Rotimi Talks ‘Jeep Music, Vol. 1,’ ‘Power’… And Spin Class
If your eyes have been glued to the Starz hit series Power, executive-produced by rap mogul 50 Cent (currently on Season 4), chances are you recognize Rotimi, a.k.a. street-savvy hustler, Dre. In real-life, the Nigerian-born, New Jersey-bred actor typically switches up his day job as he also sings and models.
Earlier this month, the R&B crooner dropped his eight-track set, Jeep Music, Vol. 1, inspired by a long-term relationship with his college sweetheart, who drove a white Jeep. While the two have parted ways, Rotimi soundtracks every phase of the relationship. Take songs like “What We Do,” a slow-burning deep cut that tackles the vicious cycle of making up and breaking up, or the grown and sexy getaway joint “Baecation.”
Away from the studio, though, Rotimi partakes in some calisthenics and spinning, which social media recently caught when the Power star was spotted gyrating on a bike to the sexy sounds of Ro James’ “Permission.” Below, he delves into his latest project and current stance on relationships, plus shares his go-to spin class jams.
What’s the significance of the Jeep?
It’s not really a project; it’s my story in terms of my relationship that I just got out of. I was with her since I was 19 when I was in college and we really didn’t have anything. Soon as I graduated from college, I booked my first audition as an actor with this show called Boss while we was still together. She was with me up until I started Power so [we went through] about four, five years of ups and downs, and me just being a new celebrity. It was just headaches, disrespect, amazing times, cheating, and she’s known to have a white Jeep in Jersey so it was kind of a metaphor of conquering that relationship. Jeep Music was me letting it all out, explaining what that relationship was.
Was there a song on the project that was a little close to home?
There’s a record called ‘What We Do’ ‘cause it was super personal and me just being vulnerable. Even ‘Living Foul,’ too, and how it felt to be kinda cheated on. A lot of men don’t really write records about stuff like that.
What have you learned about relationships over the course of transitioning from serious relationship to living single?
I think I just learned being honest and selfless is very important. I think transparency is the most important thing that I’ve learned since that relationship.
How does your creative process in music compare to acting?
I was able to work with my friends and some songwriters and producers on the music and we created this story. I told them exactly what it is that I went through and so we formulated this. For Power, I get a script and it’s whatever Courtney [Kemp Agboh, the showrunner and creator] or the writers want us to do and we add some type of flavor, but it’s less of me in Power and more of just my acting abilities. The music is all my story and I plan to keep it really transparent.

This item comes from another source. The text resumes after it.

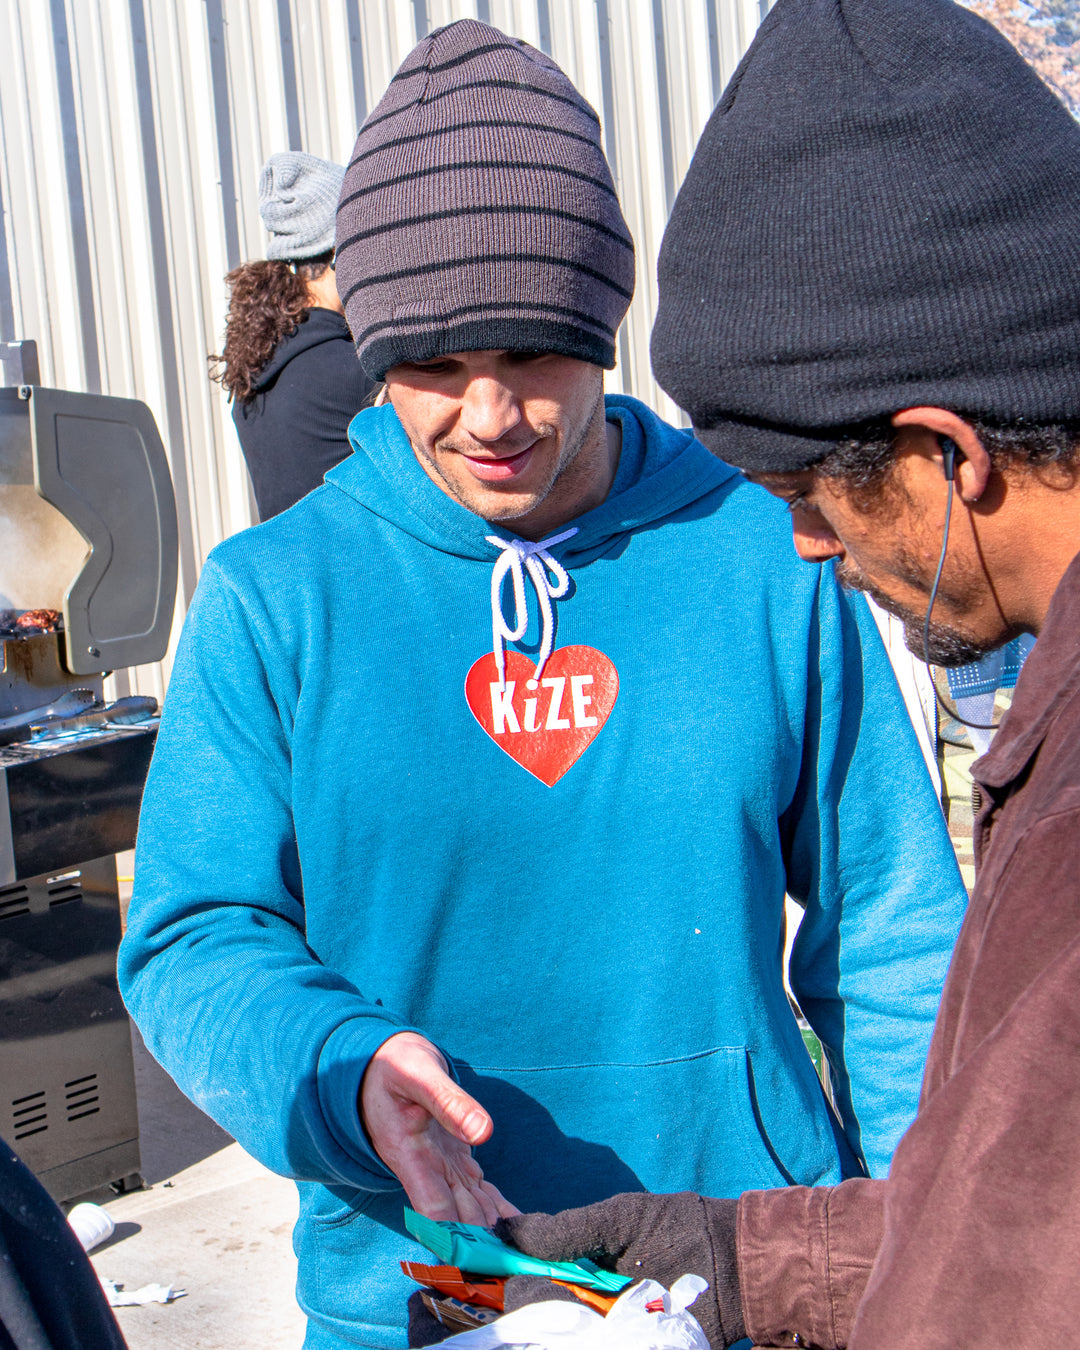 Owner Jeff Ragan handing out free KiZE bars

Do you think there’s a misconception about famous men being in relationships?
I have a lot of industry friends and a lot [of the misconceptions] could be true, depending on the person. If you allow the industry to consume you, you start making superficial and selfish decisions, but I think it’s half and half because there’s a couple of really good guys out there who are faithful. I can only imagine how hard it is for a woman to see who is a good guy and who isn’t in terms of relationships. Definitely a stigma about men in the industry, it’s just for us to prove those wrong.
Do you feel like you have to balance who you are in real life with the person in front of the cameras?
It’s cool that we dropped the project [Jeep Music, Vol. 1] the same time [as Power] ‘cause the character affects people one way and the music affects people the other way so they just confused. With Power being such a big juggernaut, it takes something undeniable to get your attention off of it. That’s why I made Jeep Music legit [tracks] one through eight, a project that you could not skip a song.
That’s why I took my time, because I’ve had to work so much harder to prove I really do this. It’s not no actor-turned-singer thing, like, this is legit what I’ve been doing my whole life and so I took my time. Besides, people are learning about who Rotimi is musically from a project you can’t say no to. I think that’s just helped me become known as an overall talent.
50 Cent knows you as both the actor and singer. What are words of advice he’s offered that helped you navigate the business?
Fif is one of those mega icons that from day one said, ‘Just keep doing it; just keep it real. They’ll feel it when it’s real. Take your time with it, but realize that this is your time. As long as you keep it thorough and the facts, then you’ll win.’ I remember him saying that even as an actor, too. You gotta keep it real and bring truth to whatever role you’re playing.
You were recently spotted flaunting your moves in a spin class. What was happening in that session?
That was my first one. [Laughs] It’s just me being me and I realized that the more I show my personality, the more people are gonna gravitate toward me. Naturally, I’m just a nasty n—a. I just like to have fun, enjoy myself and the camera just happened to be rolling, the right song came on and I felt like pedaling ‘cause I had a little flashback.
Your spin playlist ranges from Cameo to Jagged Edge. What is it about these songs that gets the adrenaline pumping?
You just zone out. Certain songs put you back into memories ,so you’re not even worried about pedaling or doing anything; you’re just jamming to the music. It’s just songs that I play during sex or parties so it’s different levels of experiences and speeds.